2024–25 Project III

Two-dimensional potential flows


This is a project for students concurrently taking Fluid Mechanics III.

In general, fluids are complicated to model. Just like in Dynamics I, they still obey Newton’s second law, but the forces are complicated and the way we describe acceleration is also complicated!

Thankfully though, there are some circumstances where the fluid’s velocity, $\boldsymbol{u}$, is easier to describe. Fluids that are, in the jargon, “incompressible, inviscid and irrotational” — for example, smoothly flowing water with no vortices — can be described through their potential $\phi$, where $\boldsymbol{u}=\boldsymbol\nabla\phi$. And that potential obeys Laplace’s equation,
\[\nabla^2 \phi = 0.\]

In this project, we will solve this equation in a number of interesting ways and in a number of interesting domains.

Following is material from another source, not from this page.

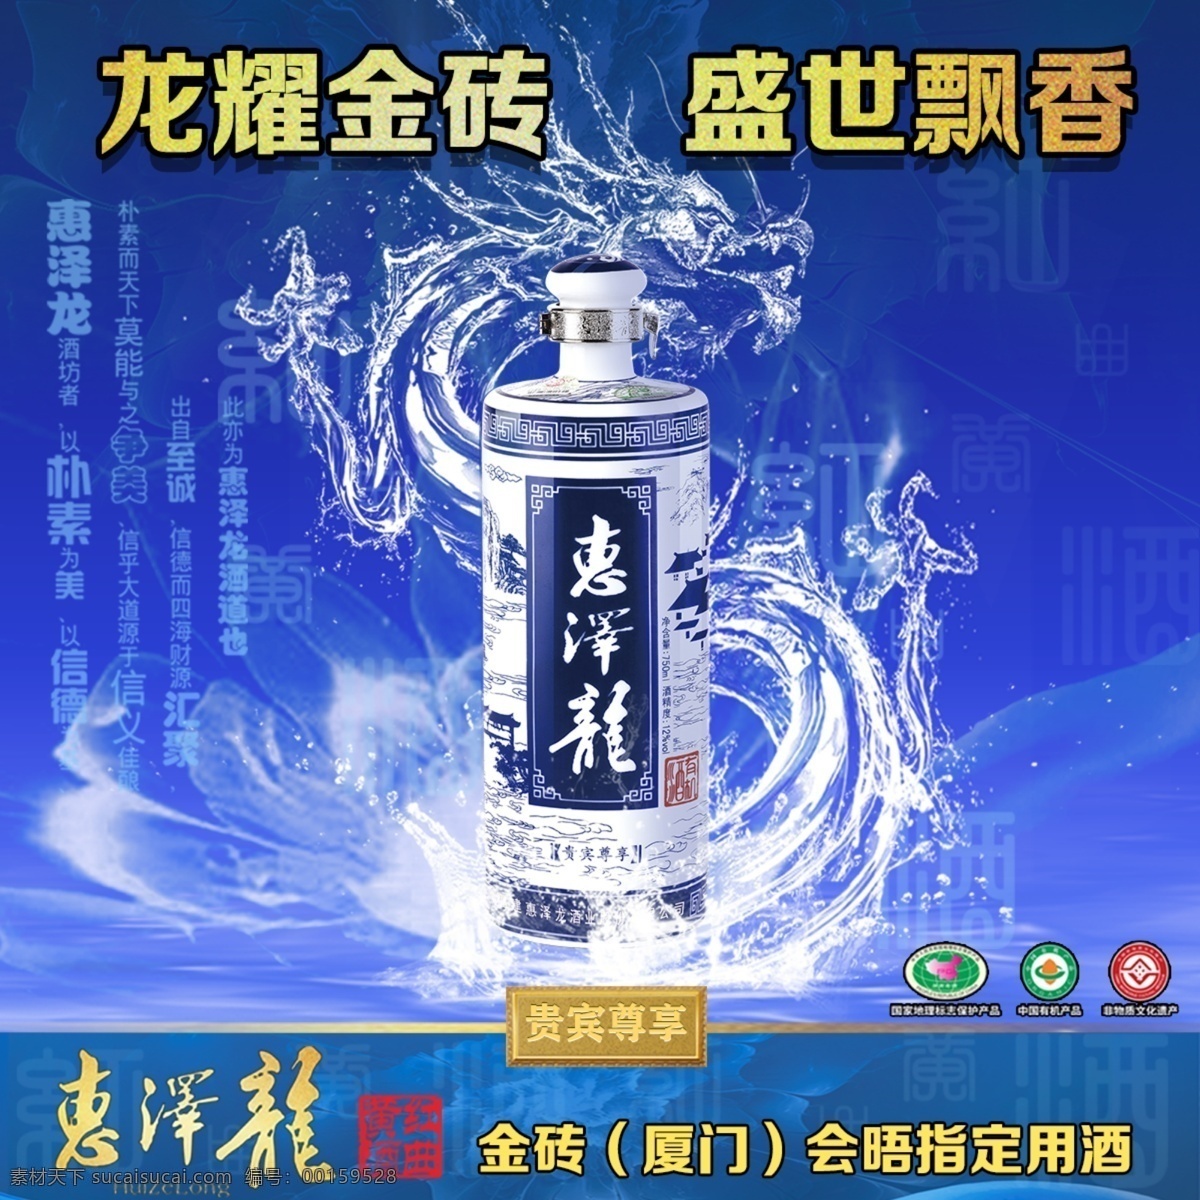 惠泽 龙 黄酒 广告 酒广告设计 水龙 水纹 陶瓷

We will do so primarily computationally, so you will learn how to code up a PDE solver in Python and perform numerical integration; but we can also use analytical methods like multipole expansions and conformal mapping to solve this equation in interesting domains.

We can then compare our methods, learning more about modelling and gaining an awareness of which tools are best for solving physical problems.

How we might structure the the project

We could have something like:

  • Defining potential flow
  • Analytic derivation of a nice geometry (e.g. flow around a cylinder)
  • Approximation derivation of a not so nice geometry (e.g. flow around a cube or around a corner)
  • Numerical integration of Laplace’s equation in Python in these geometries
  • Comparison of our results


You will be taking Fluid Mechanics III at the same time. The fluids course will cover the basics of potential flow in the first weeks of term, but this project will go much deeper and give you an opportunity to apply the material you’ve learnt.


This is an applied maths project where you will have to do some practical coding. You should therefore be confident in programming in Python.

Dynamics I, Complex Analysis II and AMV II are essential. Numerical Analysis II will certainly be helpful.